### DATA BELOW
_ _ _ _ _
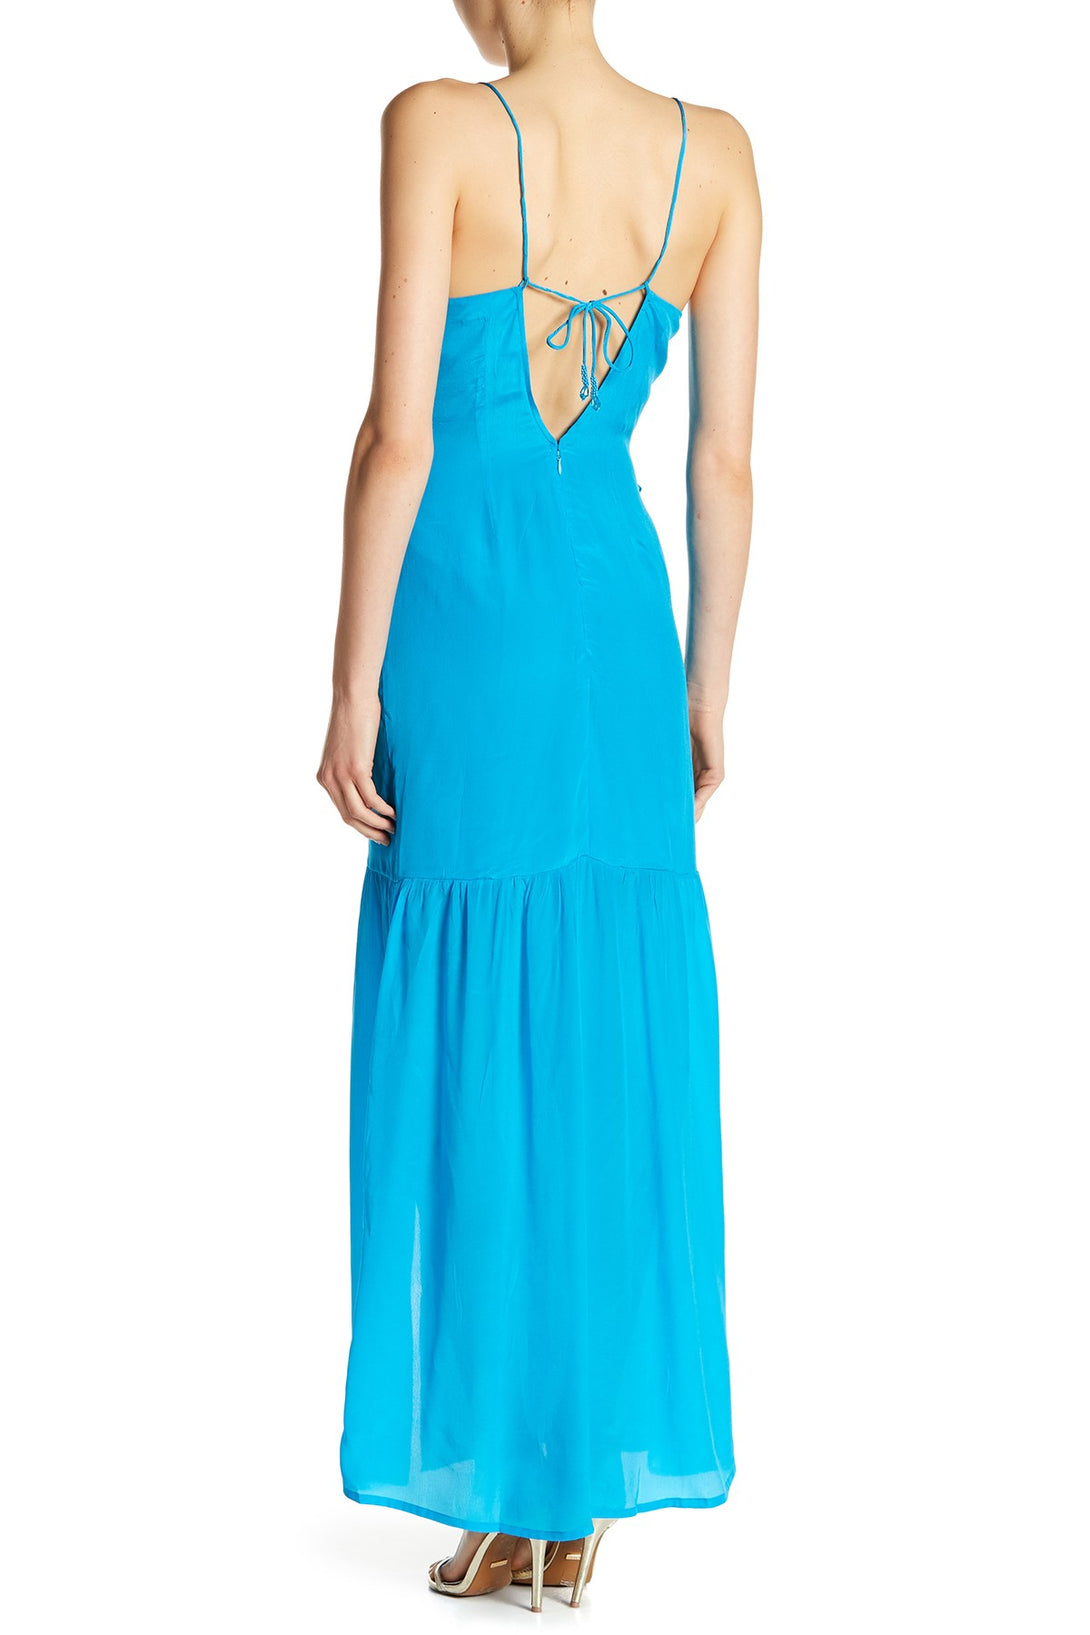  long blue formal dresses, plus size maxi dresses, Shahida Parides, long summer dresses, summer maxi dress,
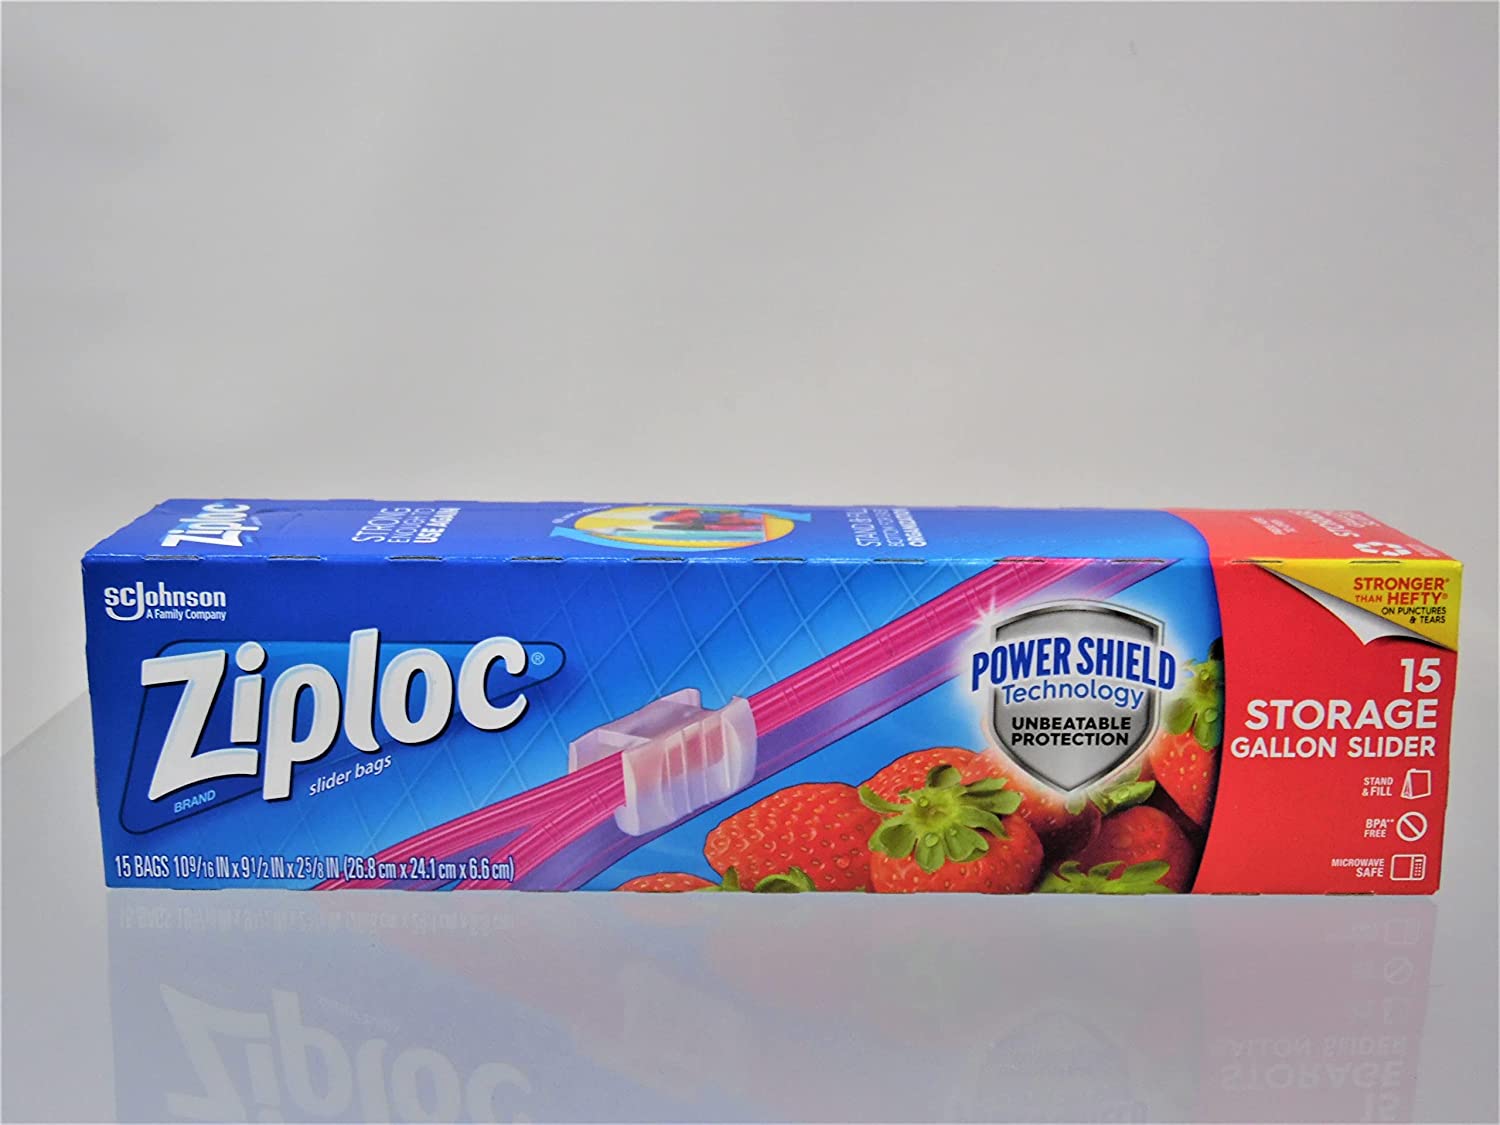 Ziploc Slider Storage Gallon Bags With Power Shield Technology
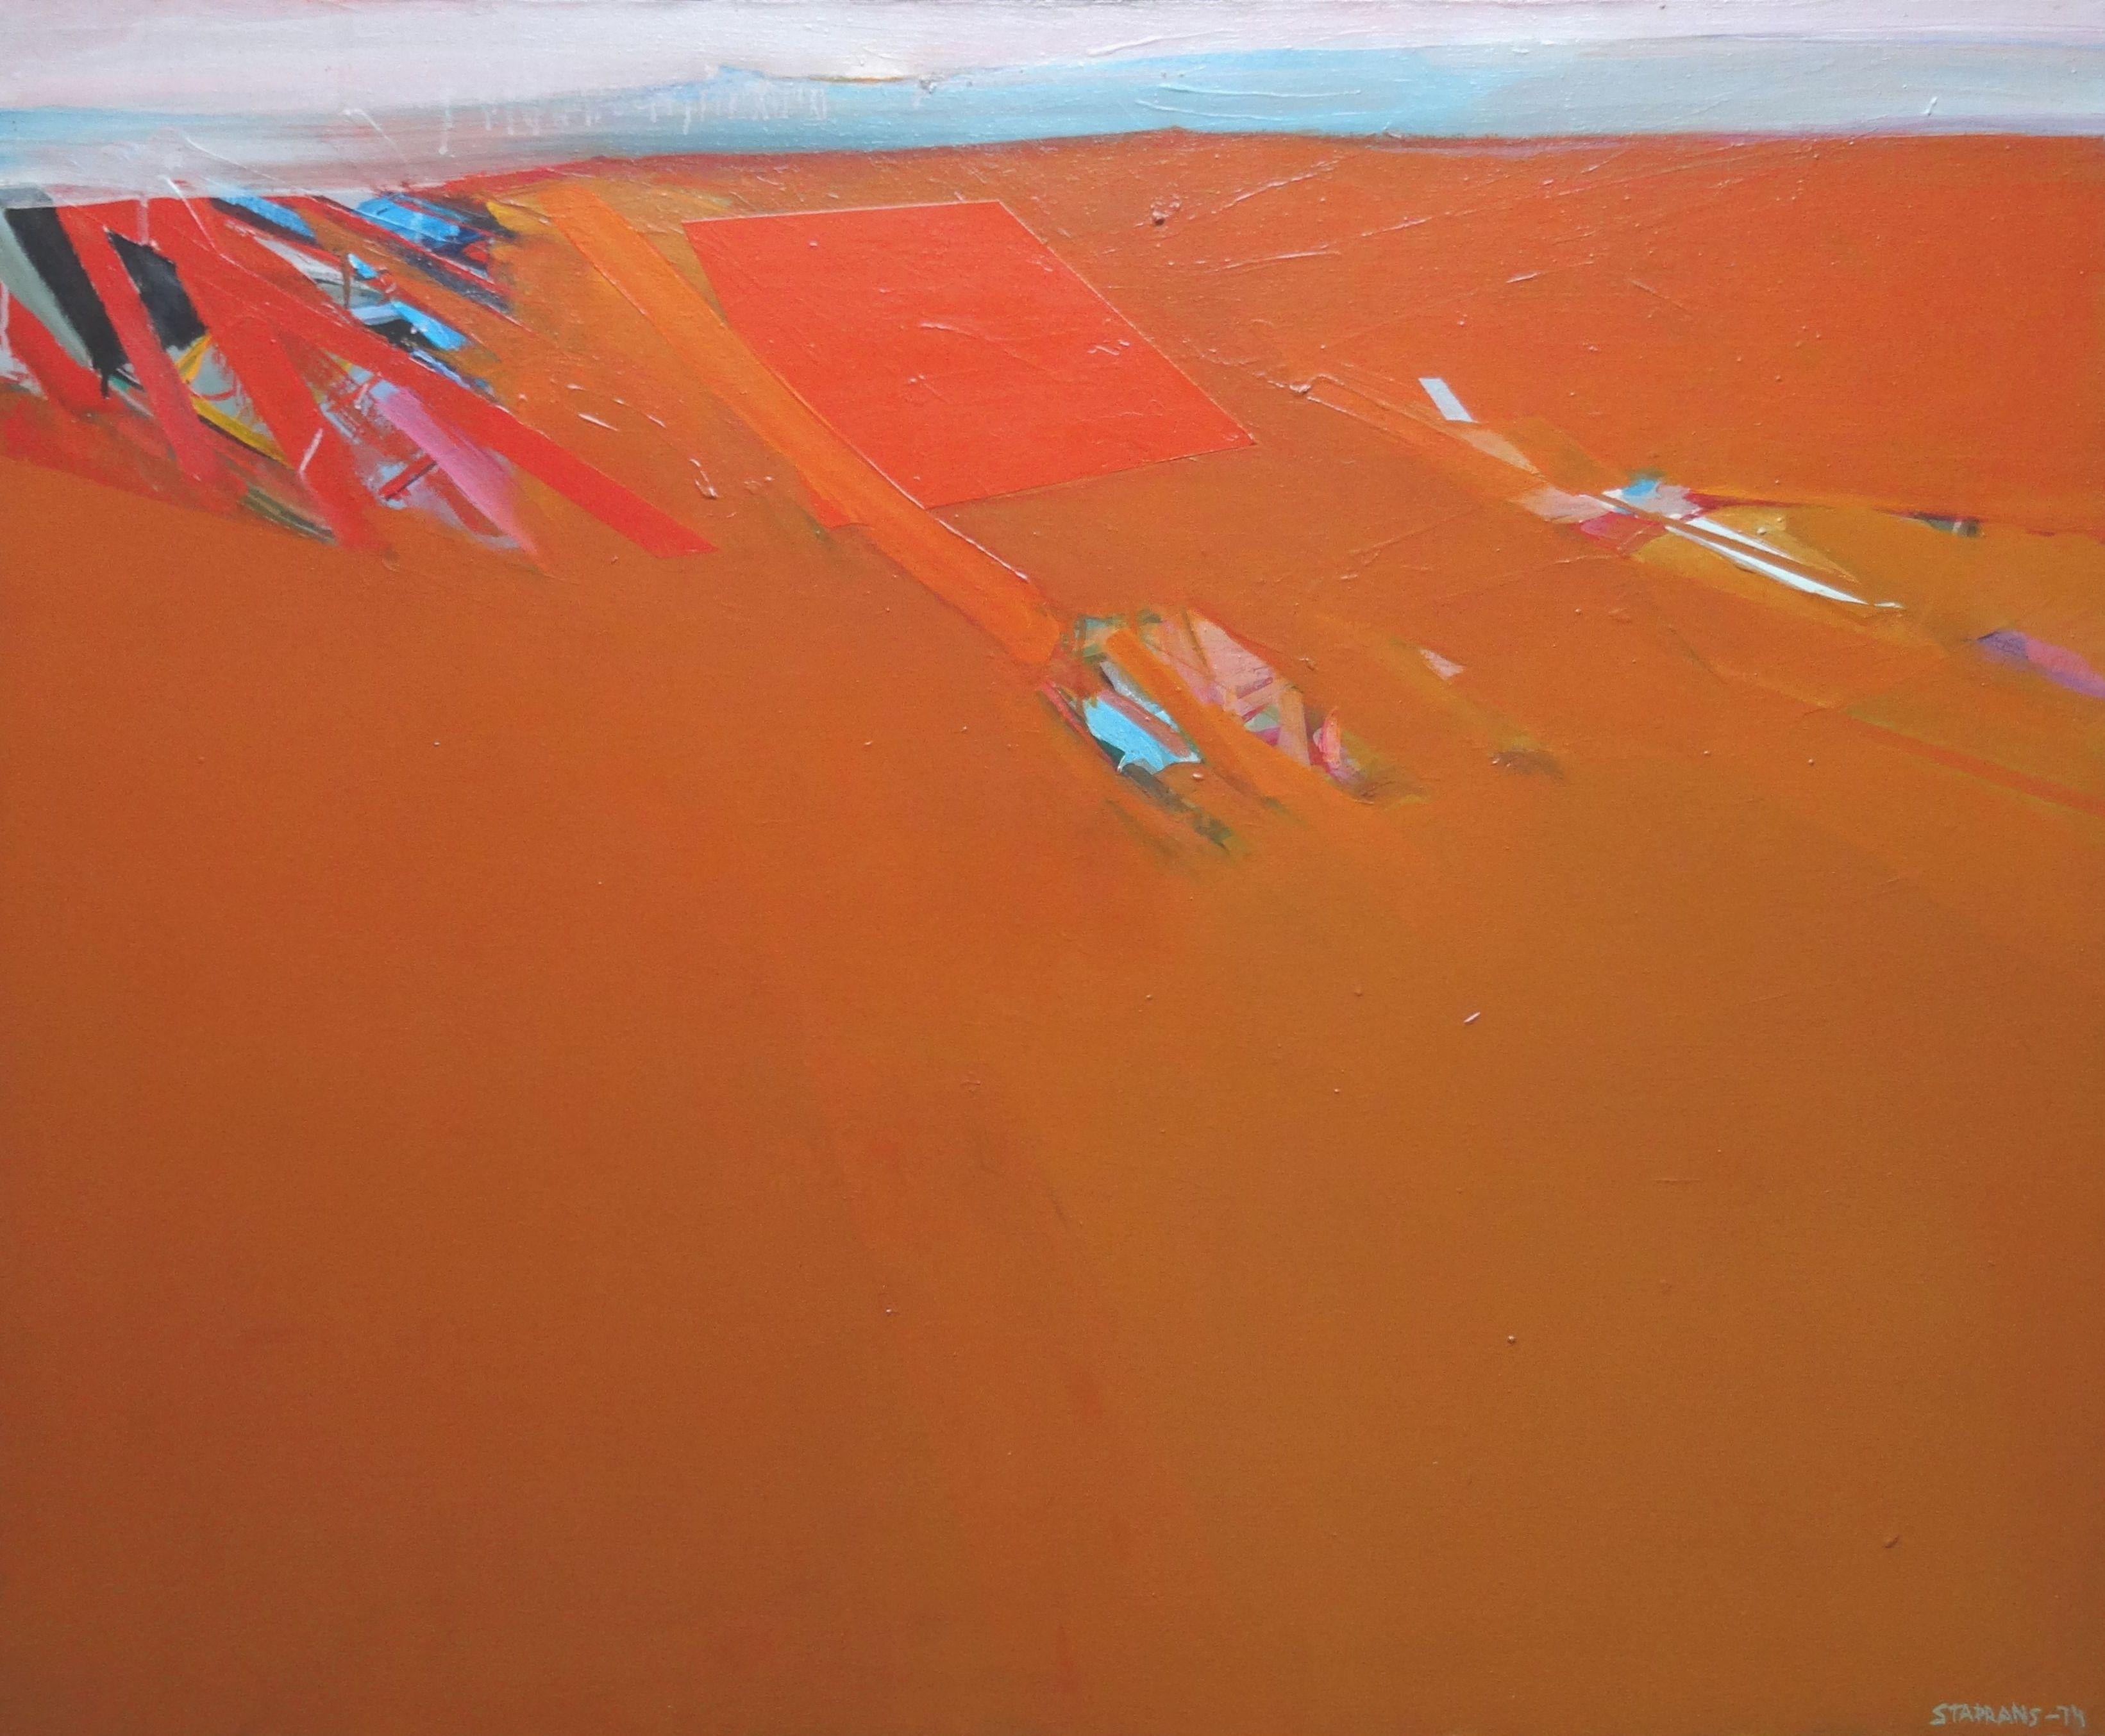 Raimonds Staprans – Wüste. 1974, Öl auf Leinwand, 95,5x116 cm
_ _ _ _ _
### PROMPT
Word-for-word transcription: the whole listing, with images excluded.

### RESPONSE TO THIS TASK
  long blue formal dresses, plus size maxi dresses, Shahida Parides, long summer dresses, summer maxi dress,
 Ziploc Slider Storage Gallon Bags With Power Shield Technology
 Raimonds Staprans – Wüste. 1974, Öl auf Leinwand, 95,5x116 cm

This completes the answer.